Print the line containing "Growing obesity crisis" and each line after it through the end of the material below, exactly as it appears, but skip the pictures.

INFORMATION SHOWN.
•••
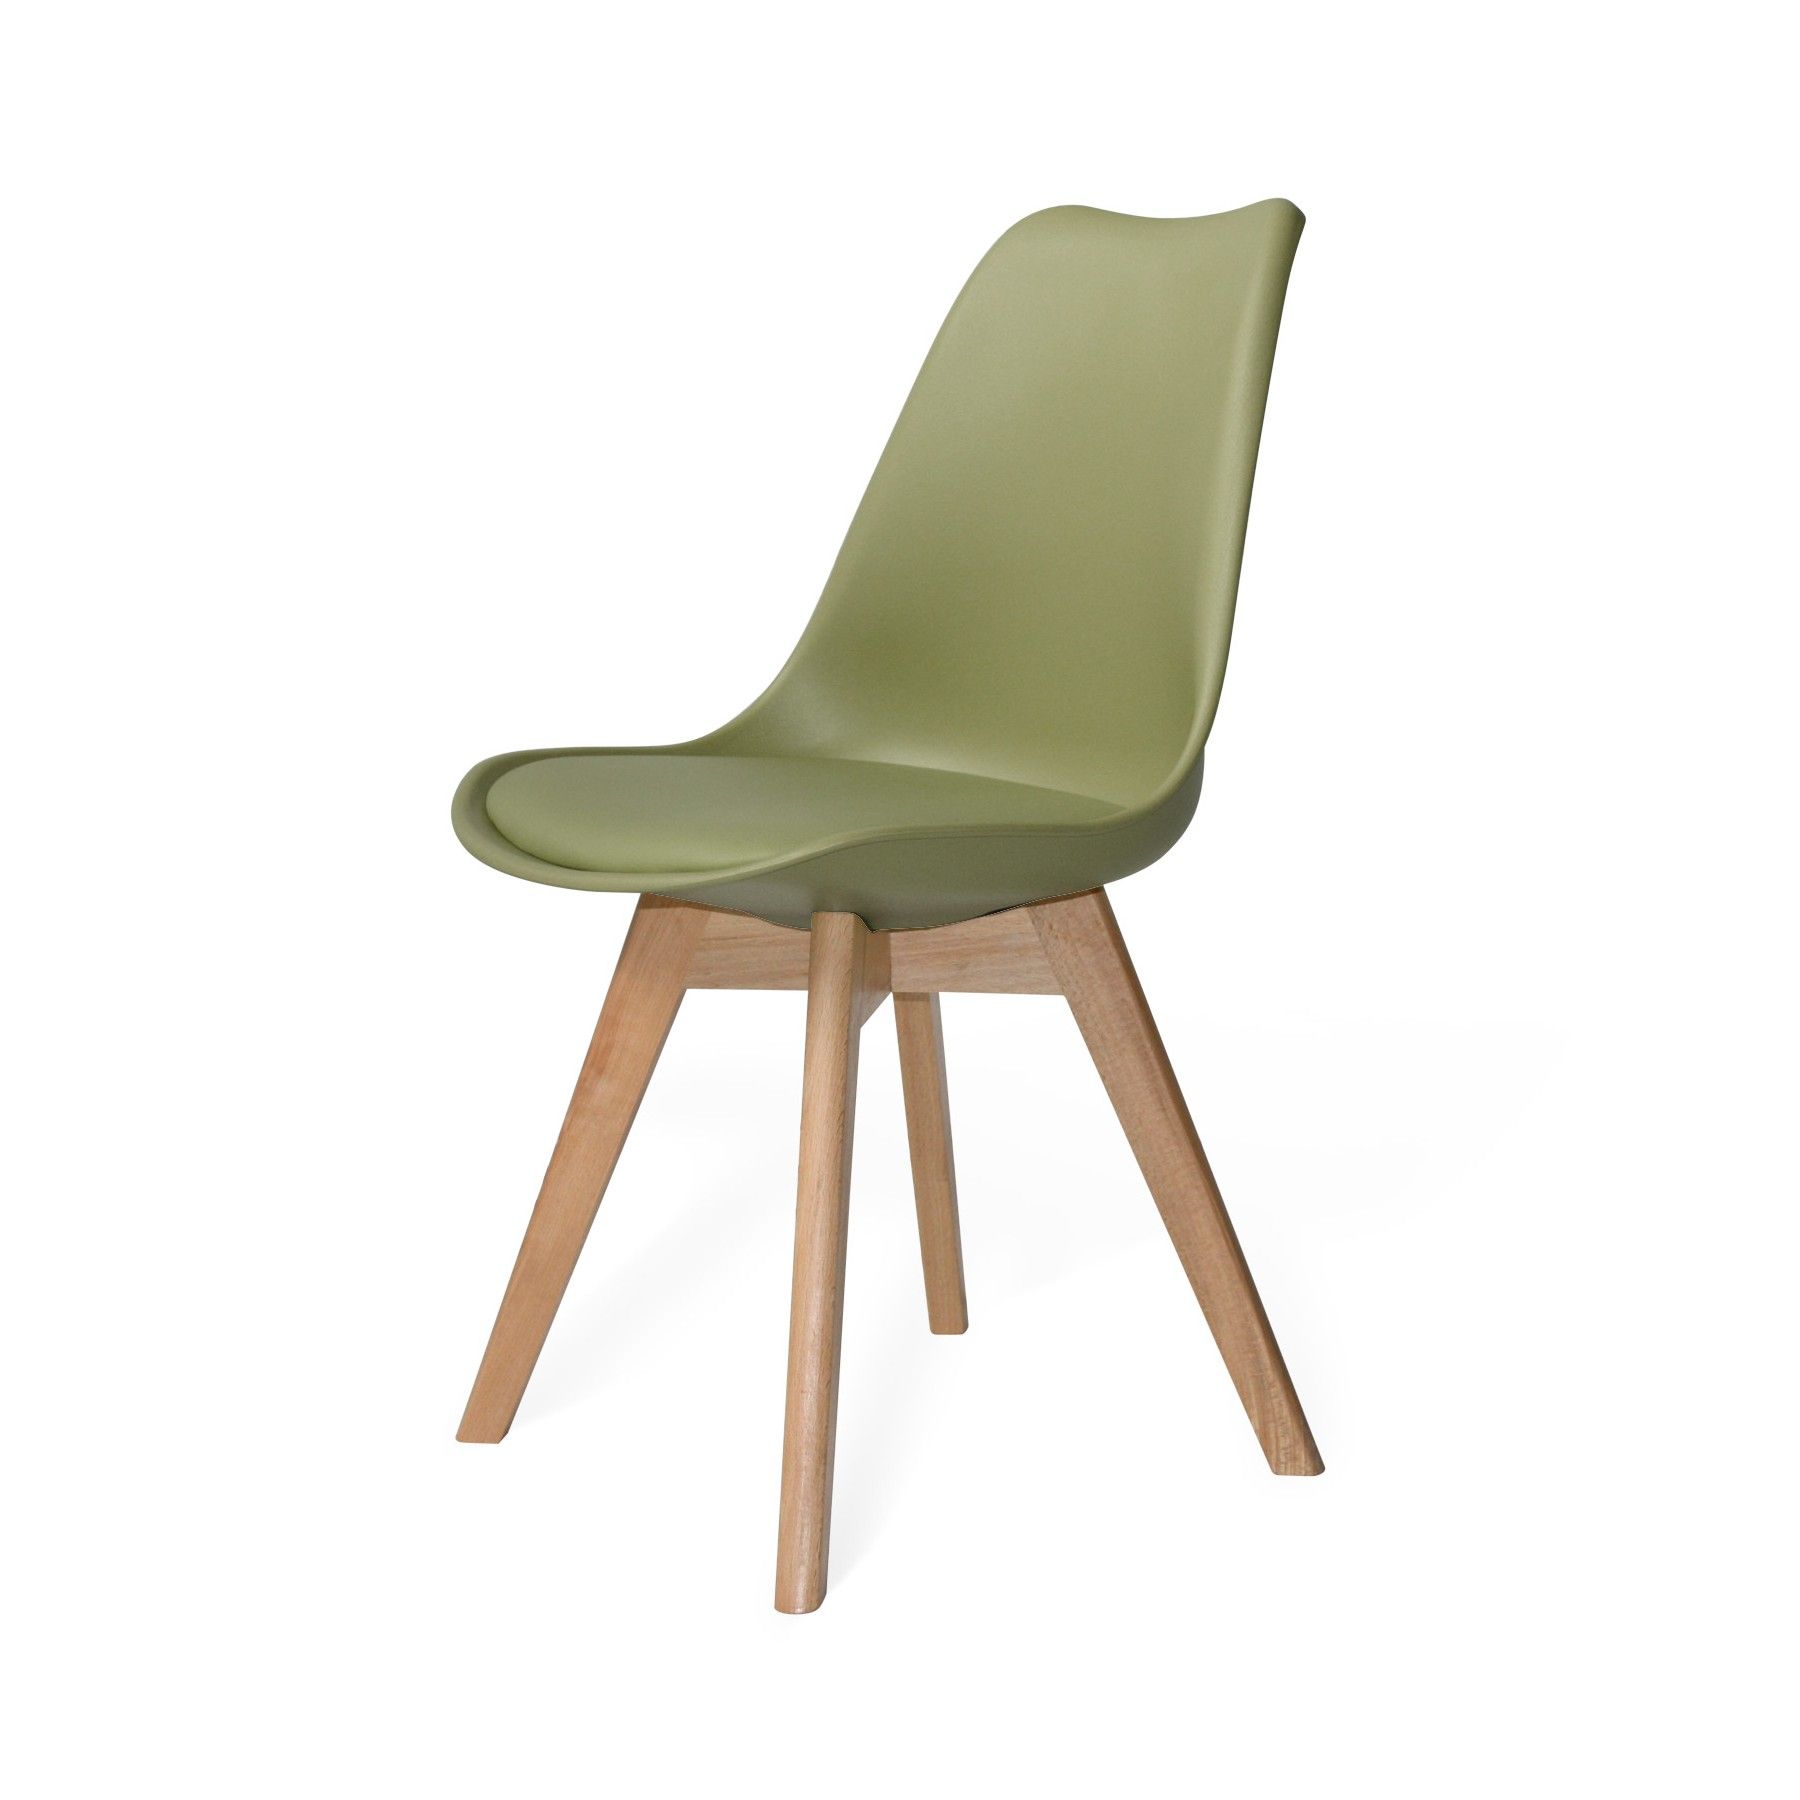 SILLA NEW TOWER WOOD VERDE
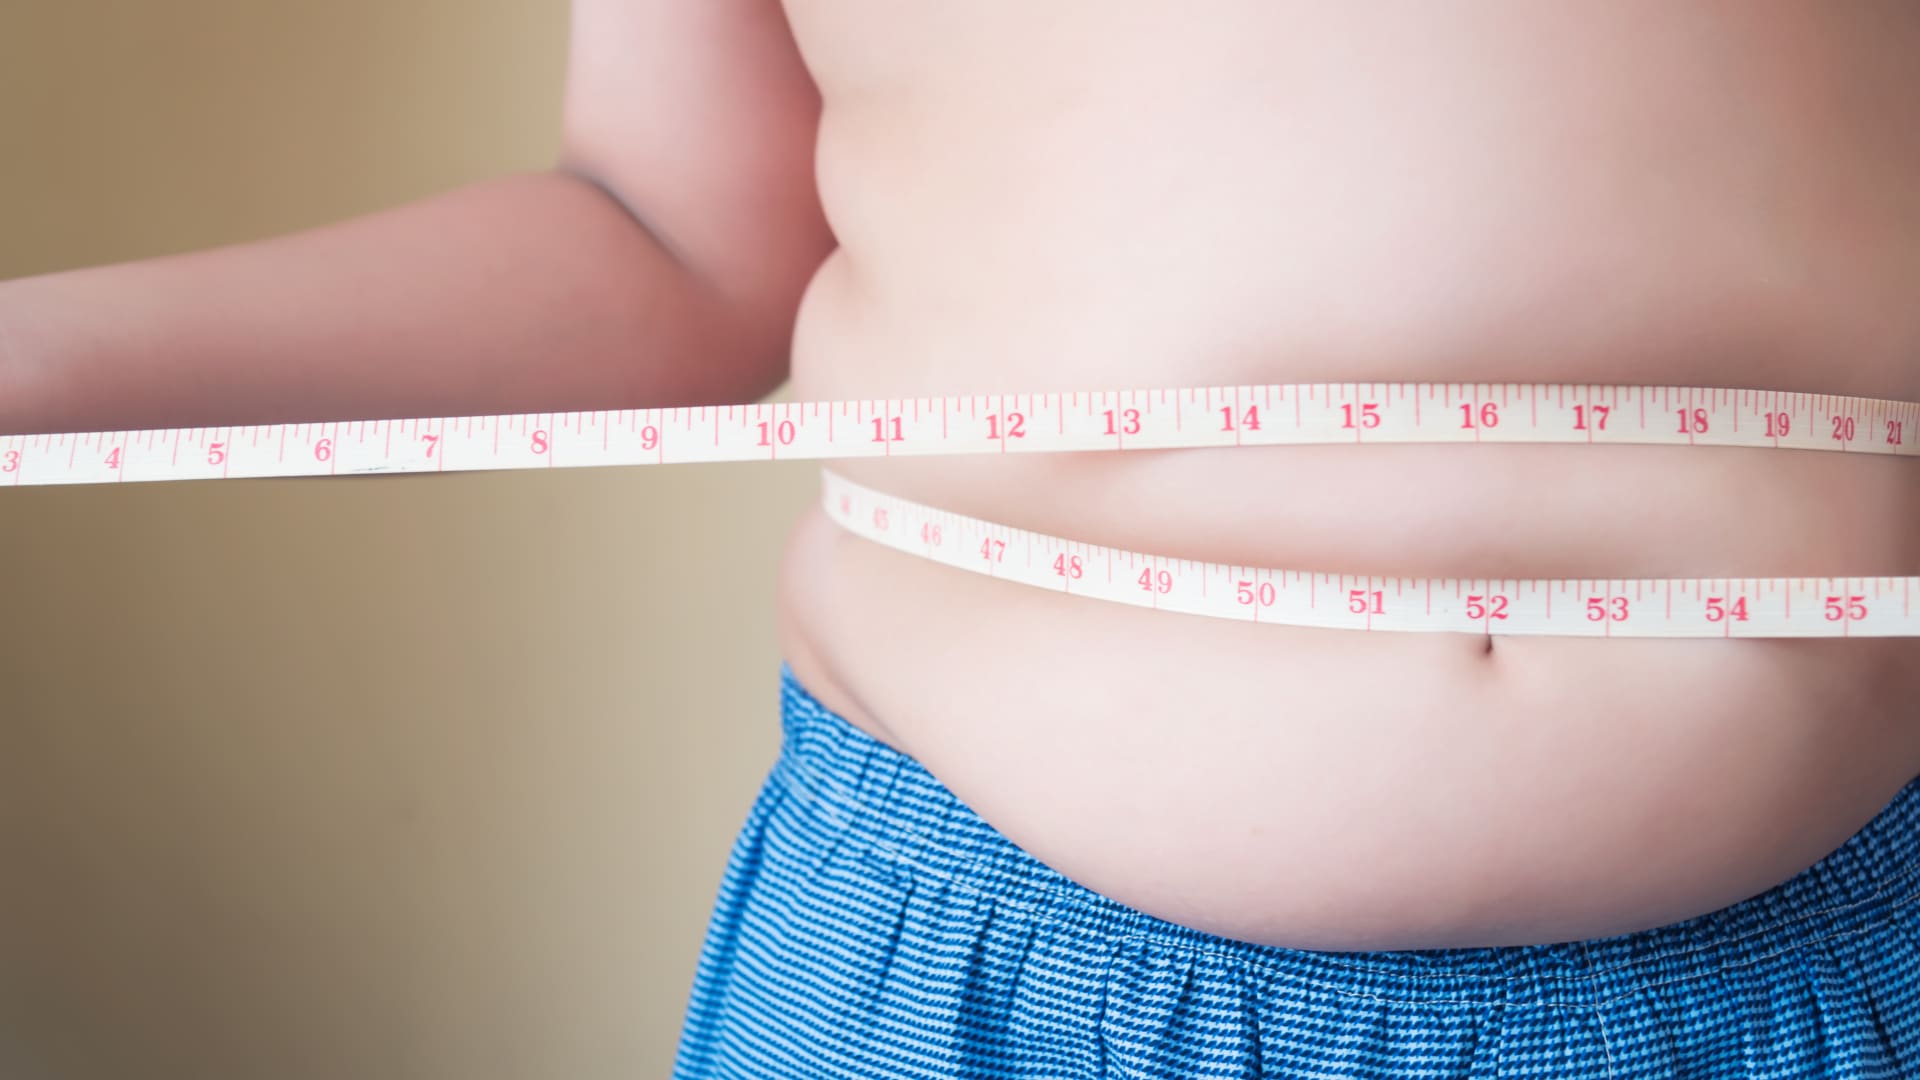 Growing obesity crisis in U.S. prompts CDC to expand body mass index charts for severely overweight kids
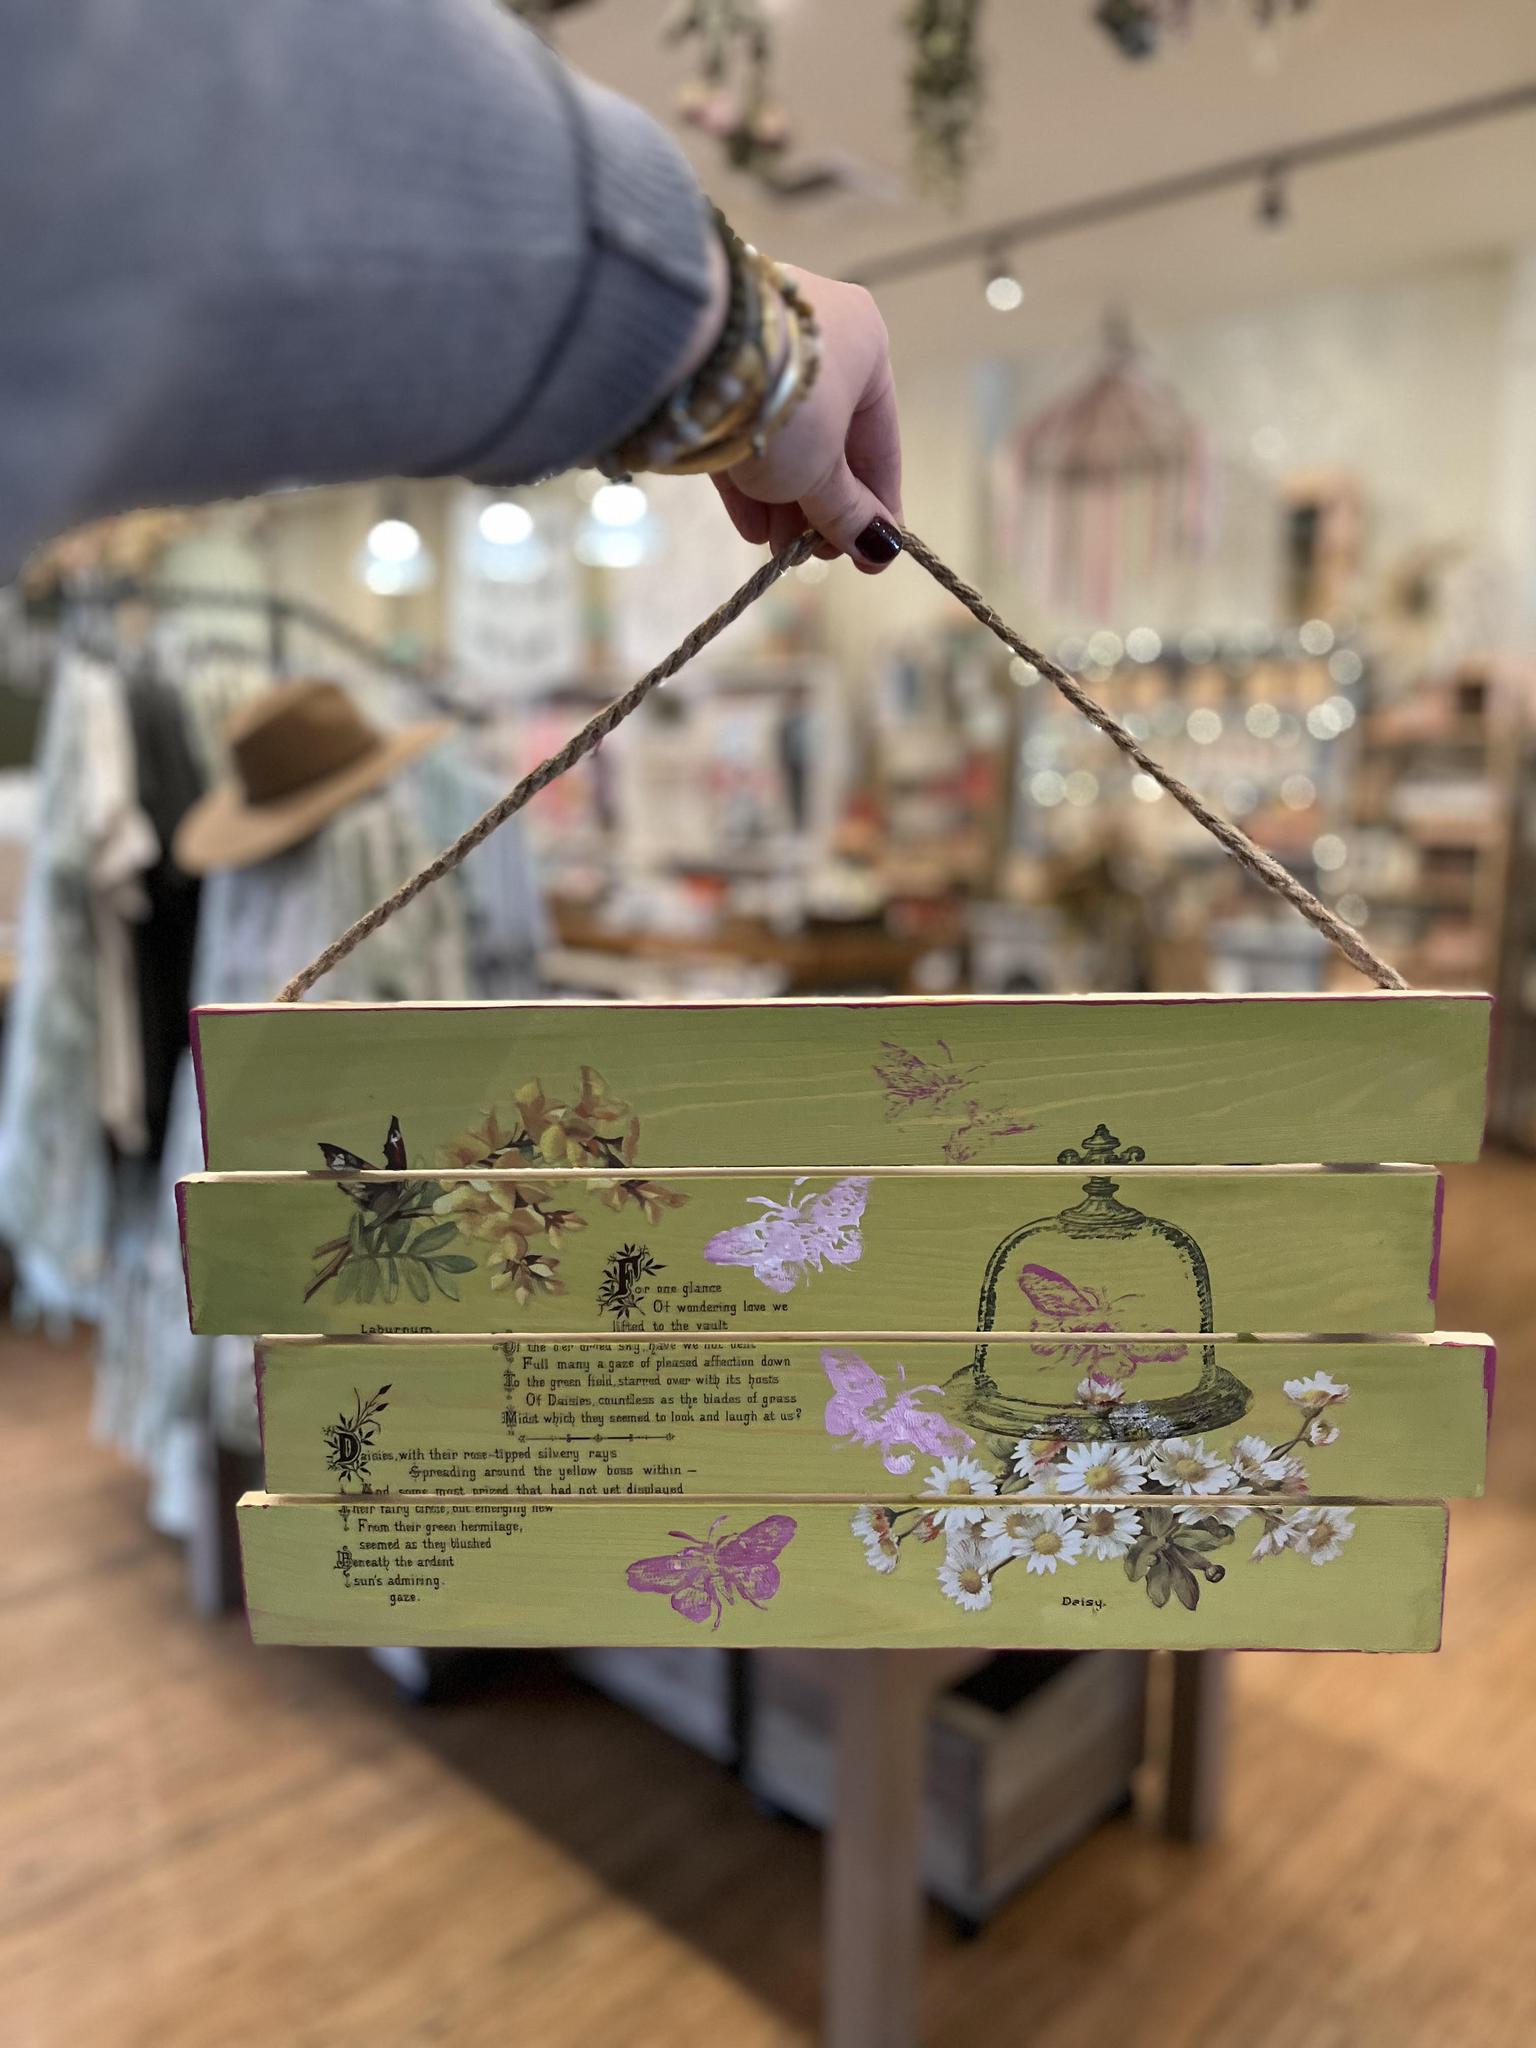 The Owl Box Lover of Flowers Sign Workshop July 13th  1pm-3pm
•••
EXERCISE RESPONSE.
 Growing obesity crisis in U.S. prompts CDC to expand body mass index charts for severely overweight kids
 The Owl Box Lover of Flowers Sign Workshop July 13th  1pm-3pm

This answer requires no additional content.